Delusions of Grandeur
by Dan Harder
San Francisco, California
With a soiled mirror in his hand, a torn t-shirt on his back, and a cockeyed crown on his head (red velvet, gold trim, taller than wide—impressive) a middle-aged black man walks down the street in the new Mission gesticulating imperiously while glancing at the blurred image in his hand-held mirror—a master of his own reality, free to promulgate his terrifying decrees to an audience of one as he, seemingly indifferent, weaves past groups of software engineers and social media moguls—the dukes and duchesses of the modern world seated on the sidewalk with beer, wine, and artisanal cheese, their crowning achievements enshrined in the algorithms by which we live, and live well, in this rich, rich kingdom of things, a realm stubbornly unaffected by the brief passing of a foreign, less fortunate king.
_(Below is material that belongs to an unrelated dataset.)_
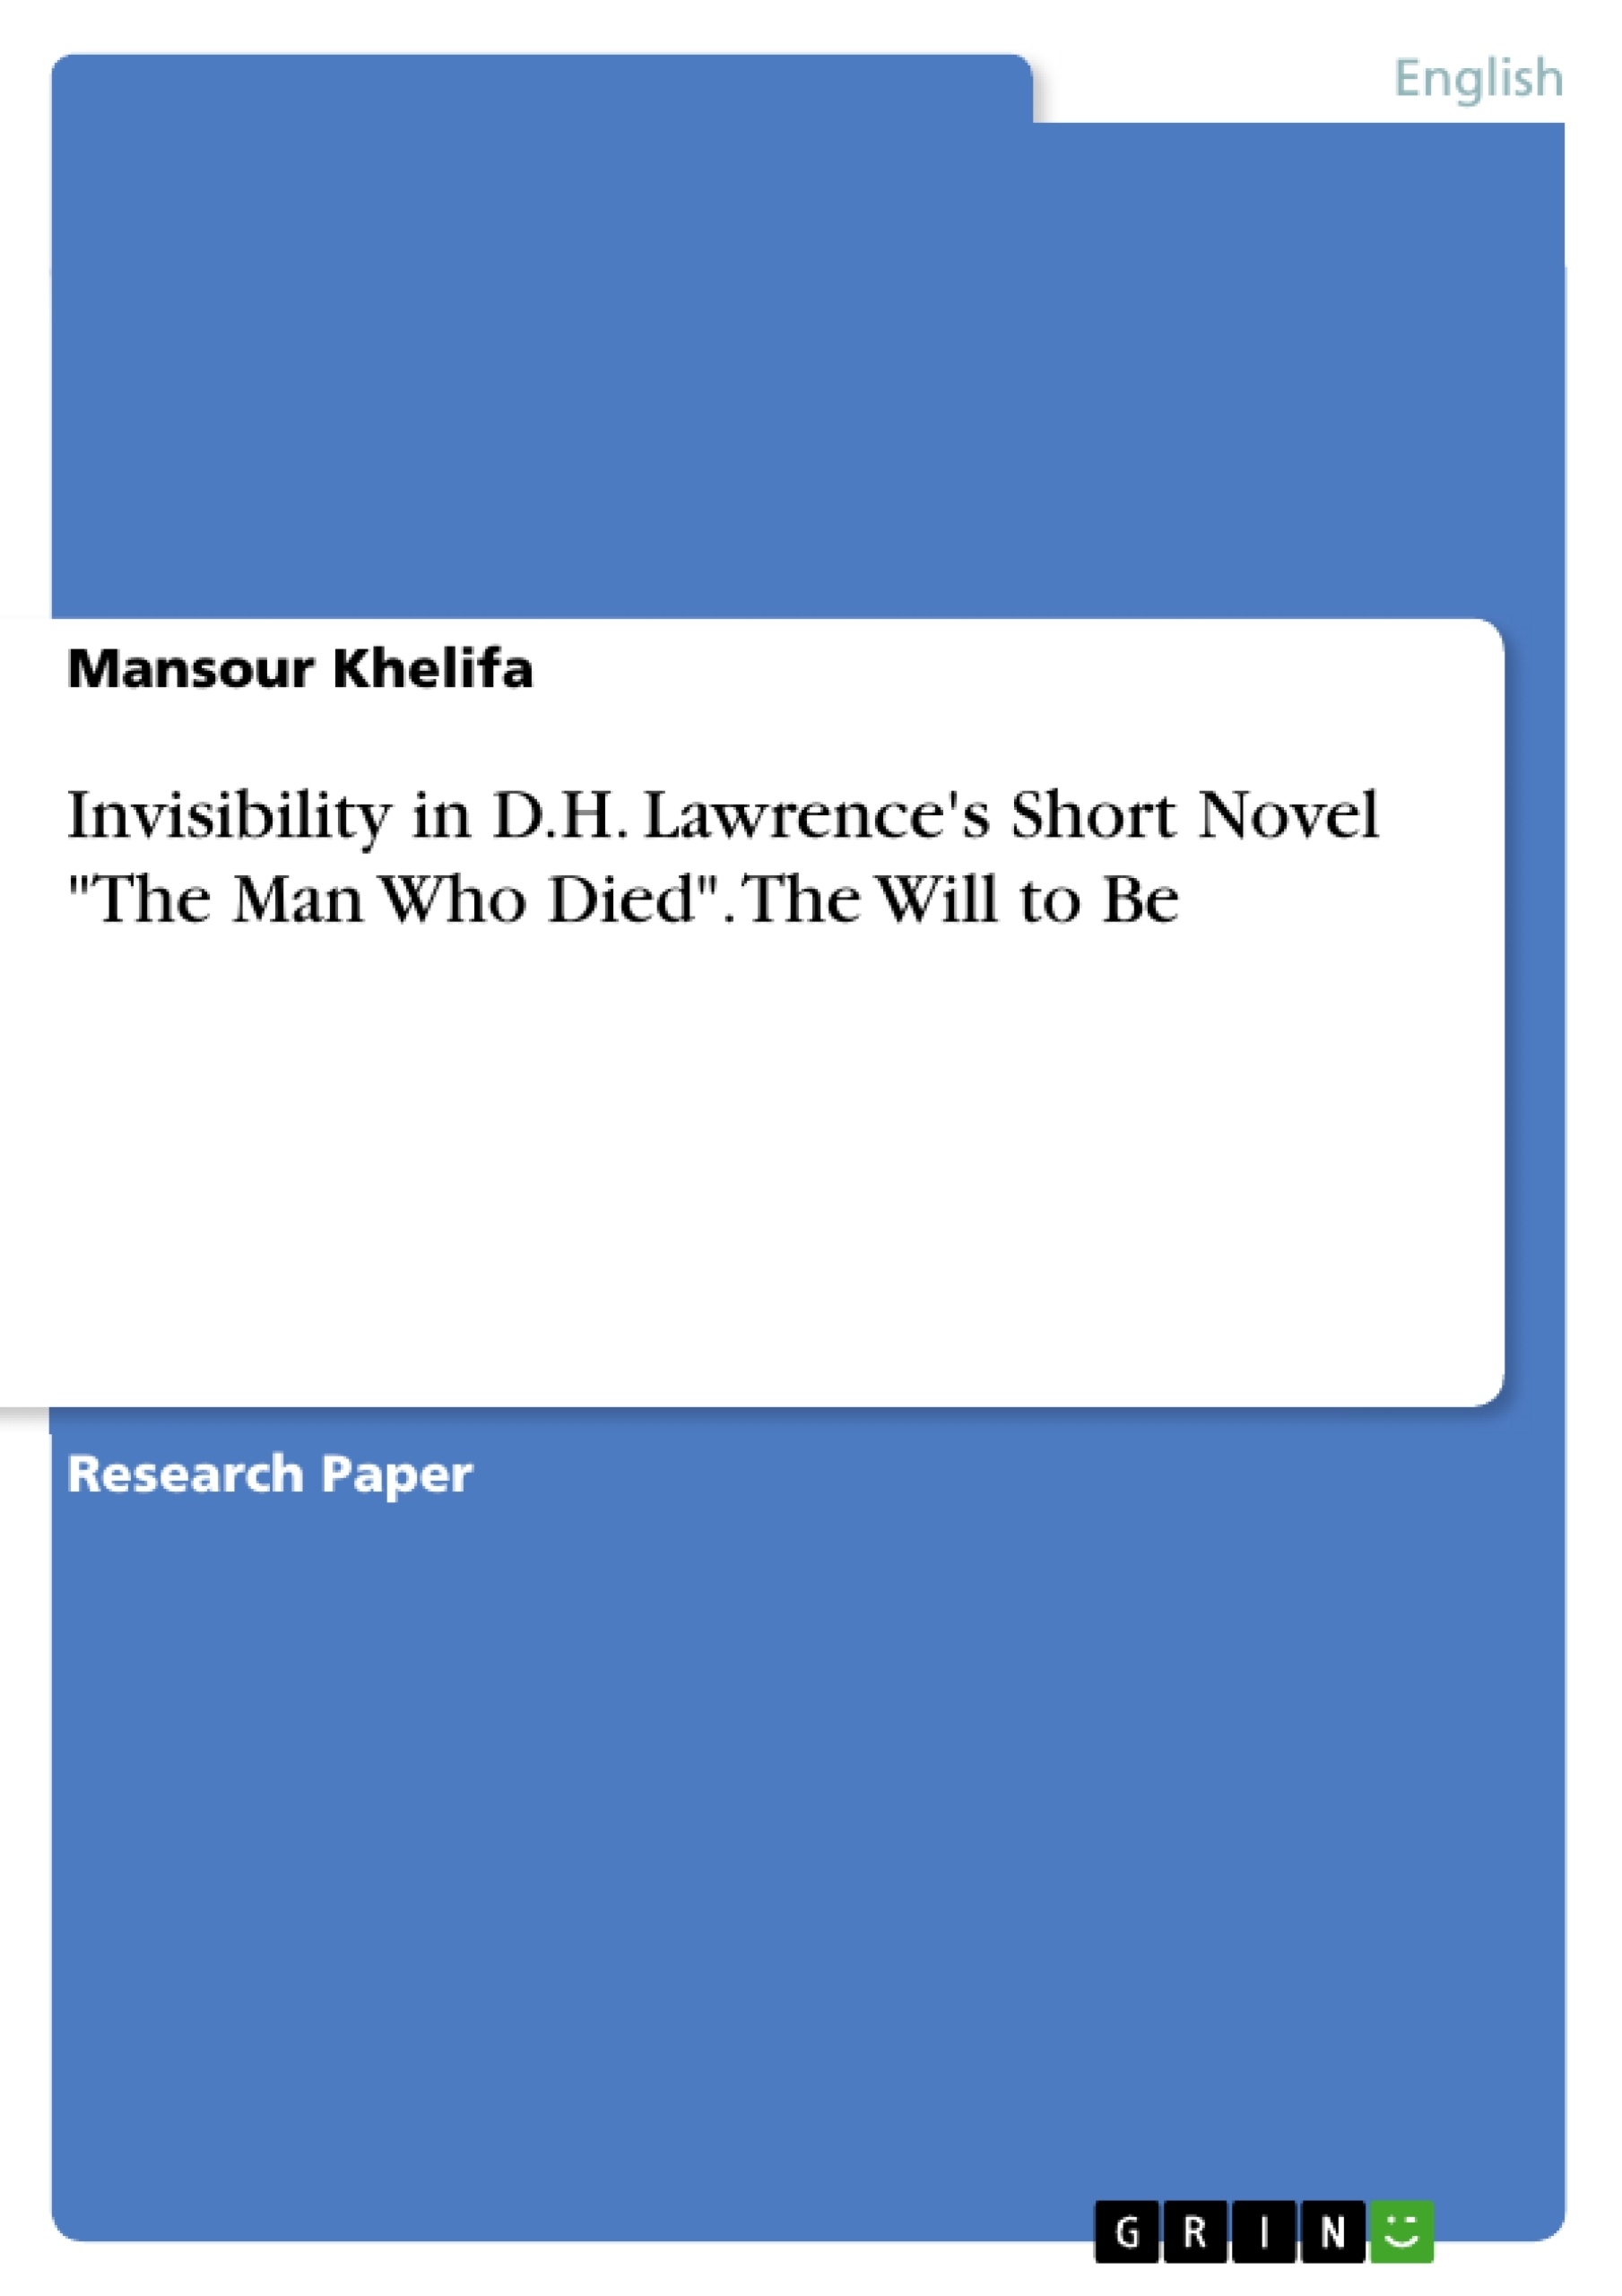 Titre: Invisibility in D.H. Lawrence's Short Novel "The Man Who Died". The Will to Be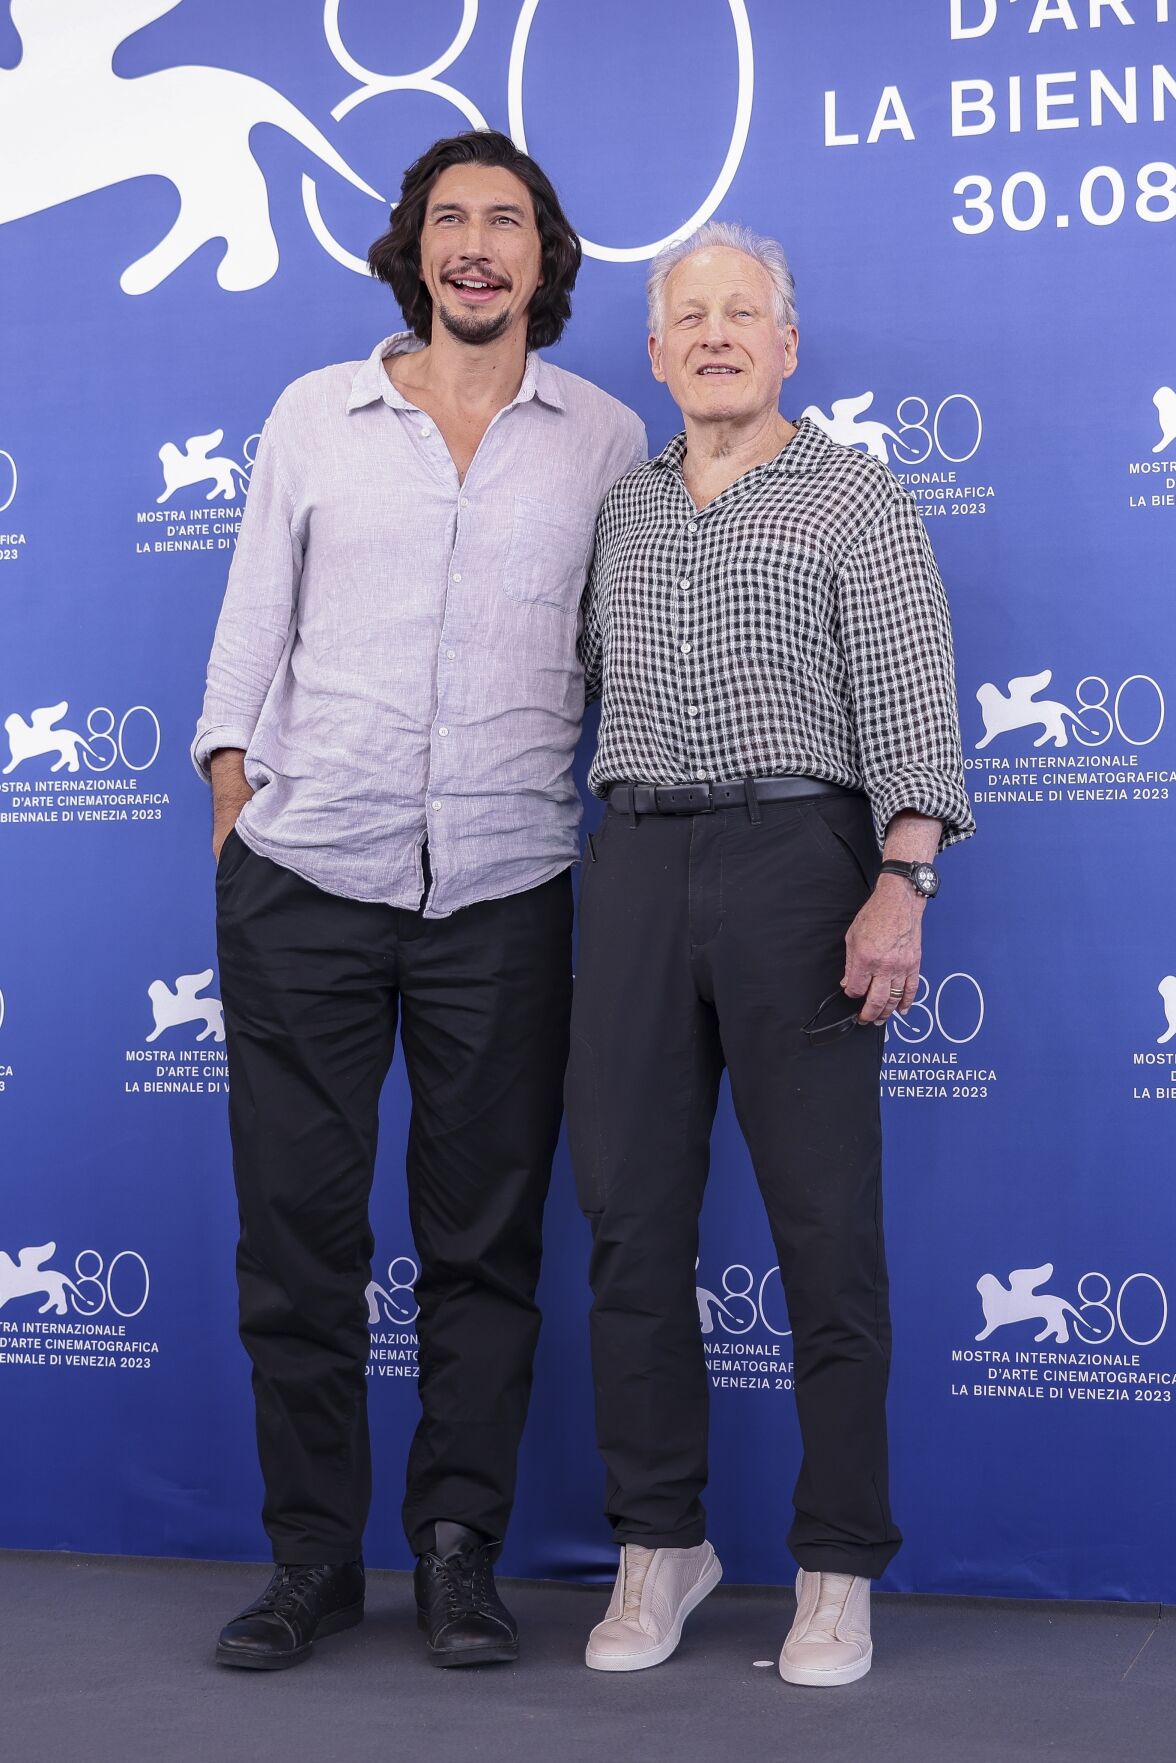 Adam Driver and director Michael Mann attend a photocall for the movie "Ferrari" at the 80th Venice International Film Festival on August 31, 2023 in Venice, Italy.

No… no, it couldn’t be—and yet, it certainly looks like Bianca Jagger has lost her mind this Tuesday morning at the corner of 4th and Mission where she, for a moment, rests her long back backwards and puts her head on a dirty pillow at the top of a shopping cart full of all the things she owns and, while looking up at the overcast sky, yells—”Yeah, the cops, the fucking cops say 'no' but I say yes, I say yes, the light's not gonna get me. I hear the music—I AM the music… and I don't need to move!” And she doesn't for a moment, then, all of a sudden she straightens up, adjusts her sunglasses, looks around like a worried stork, sees something that's not quite right, mutters through lips smeared with lipstick, “You can't do that to me, you can't do that to me,” grabs her shopping cart and dashes across the street in high heels, her long, slender, black-stockinged legs running, her fashionable and dirty hat flapping in the breeze she creates for herself while running, running away, running to another corner where she can put her head down on her dirty pillow, rest for a moment, and BE the music once again on a new corner where it will take more than wild horses (but little more than a though that something's not quite right) to drive her away this time.
Can Sadness Be Serene?
Our tribes are now so mixed, it’s hard to tell where anyone’s from, and so it was with the man I passed in slow rush-hour traffic sitting in the sun on the north side of a one-way street that leads directly to a bridge and irreversibly out of town, his knees up and under a tattered blanket (it was a cool winter day), his eyes were closed, his head tilted back, and his face—one of the most beautiful I’ve ever seen (oh, to have been able to sculpt him just so…)—with skin the light translucent dark of a young French chestnut, his lips full and frighteningly set like a Mayan warrior, his head—the unwrinkled surface of Chinese jasper, his aspect: resigned, calm, serene in his despair—a Tibetan monk sleeping in the temporary safety of the sun near a busy road before the night with its dark, messy, aggressive dangers disturbs the balance of this small, beautiful man without a home.